▶ [Exercise prompt]:
Please leave out pictures and print exactly the lines from the one that has "Military Uniform/Bdu/Acu/Army Uniform/Rip-Stop" through the last line of the material below.

▶ [Data section]:
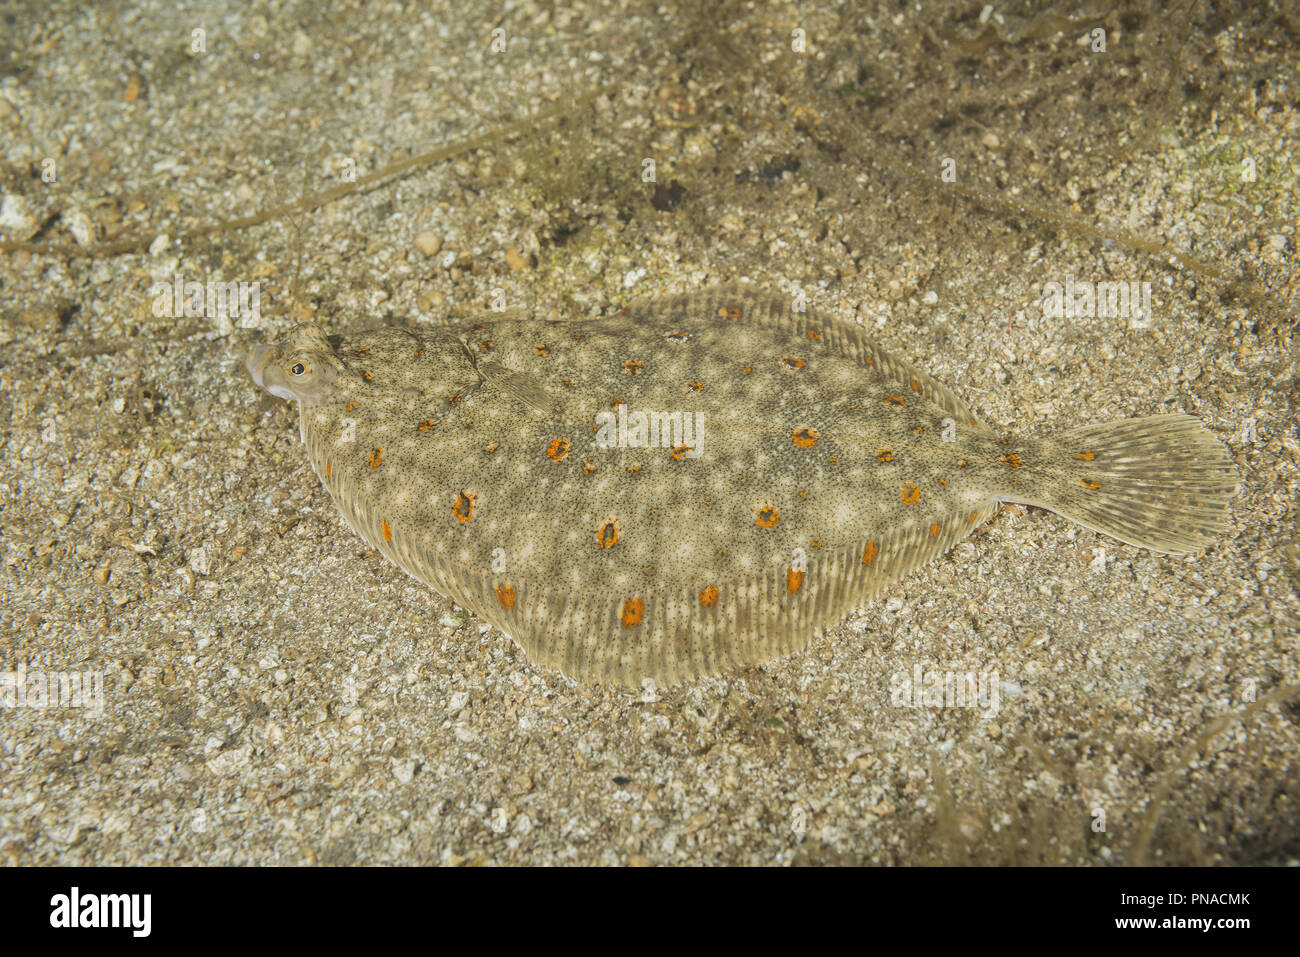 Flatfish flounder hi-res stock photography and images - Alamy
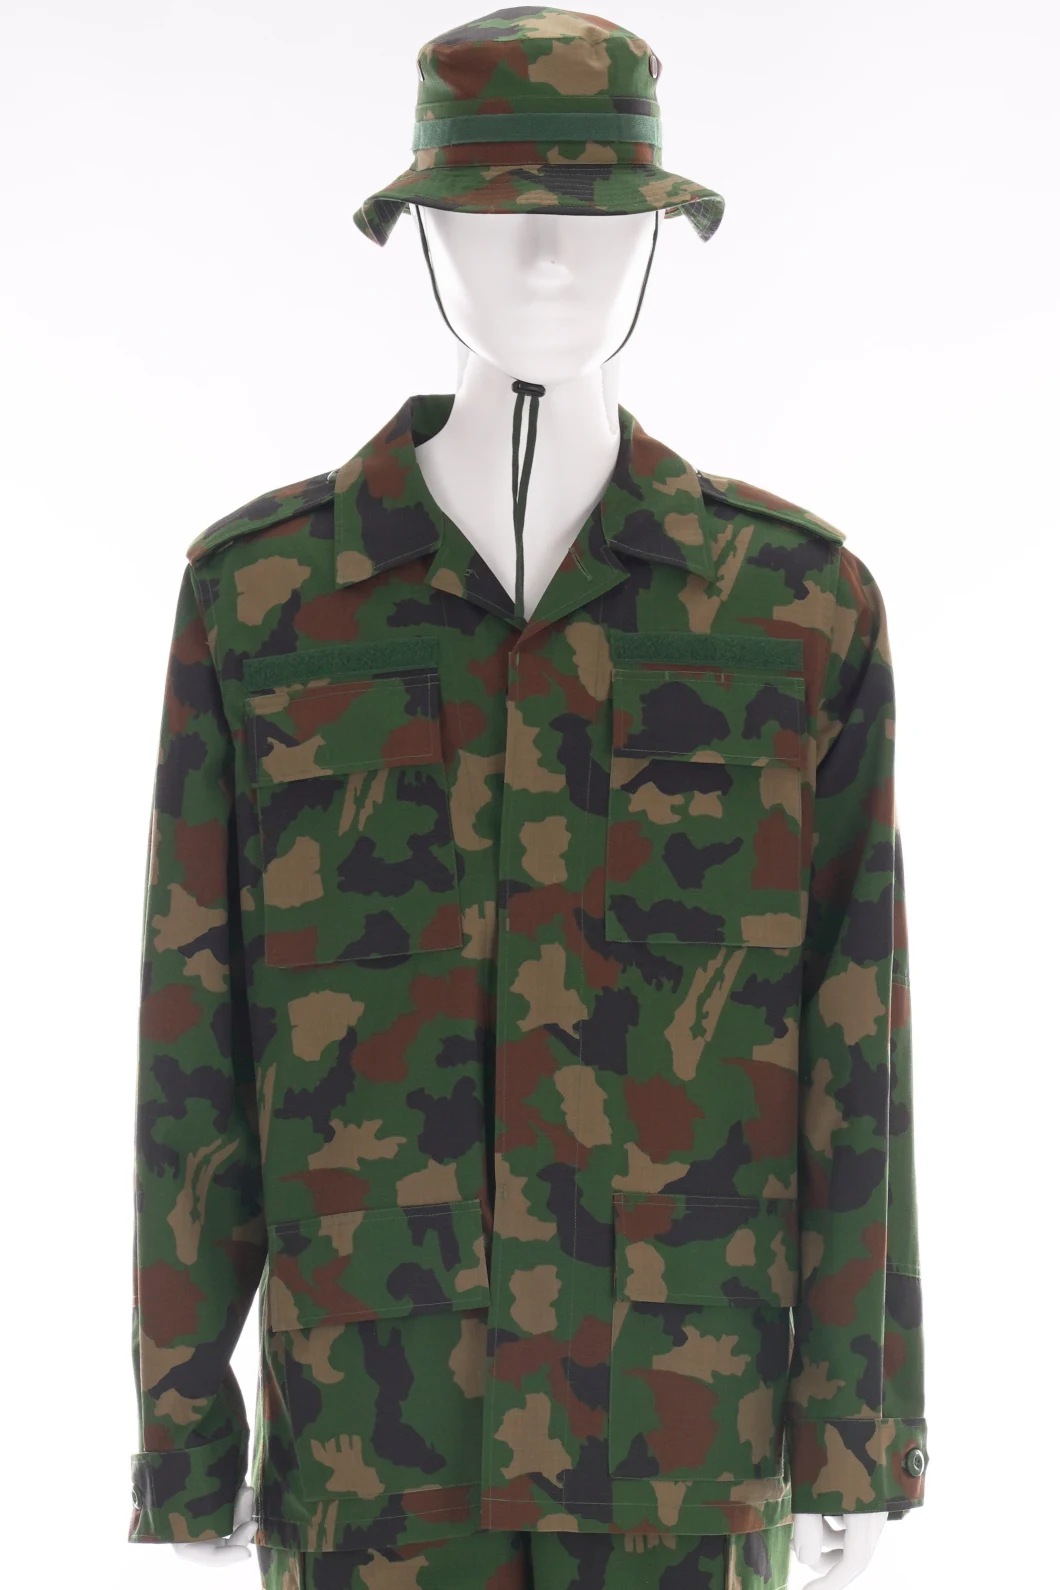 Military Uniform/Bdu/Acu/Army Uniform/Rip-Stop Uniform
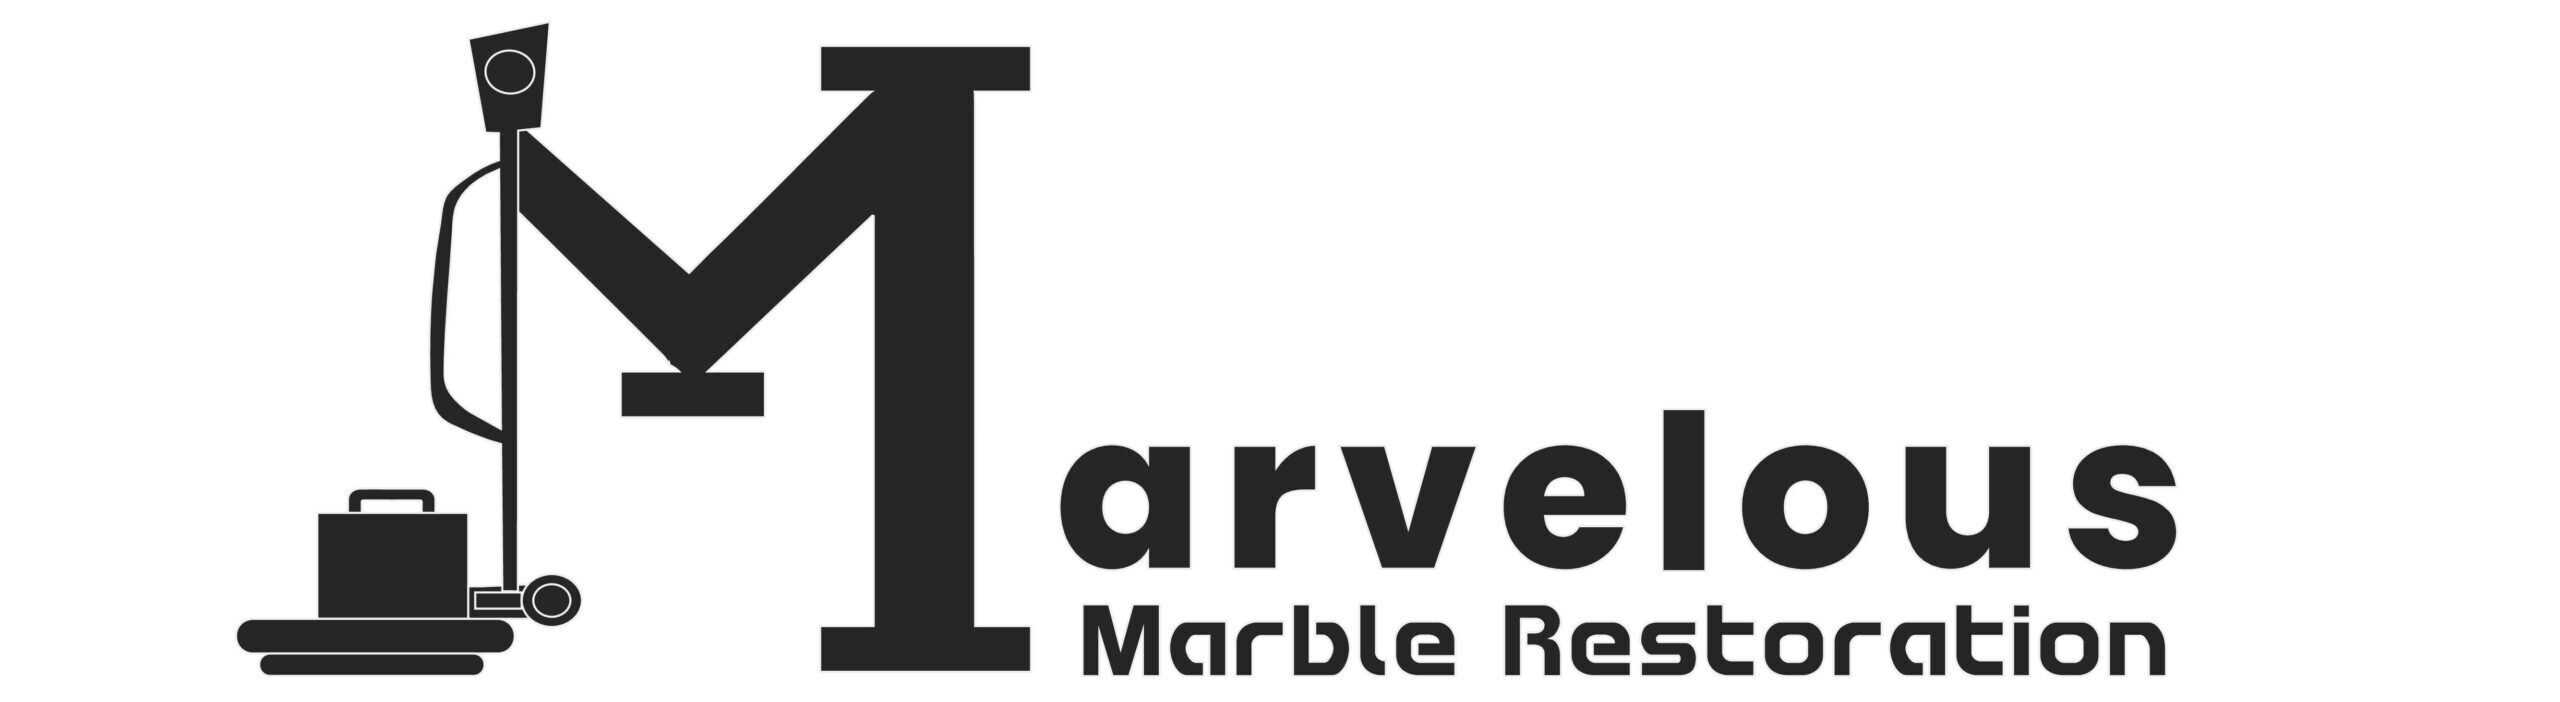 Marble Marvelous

▶ [Response to the task]:
 Military Uniform/Bdu/Acu/Army Uniform/Rip-Stop Uniform
 Marble Marvelous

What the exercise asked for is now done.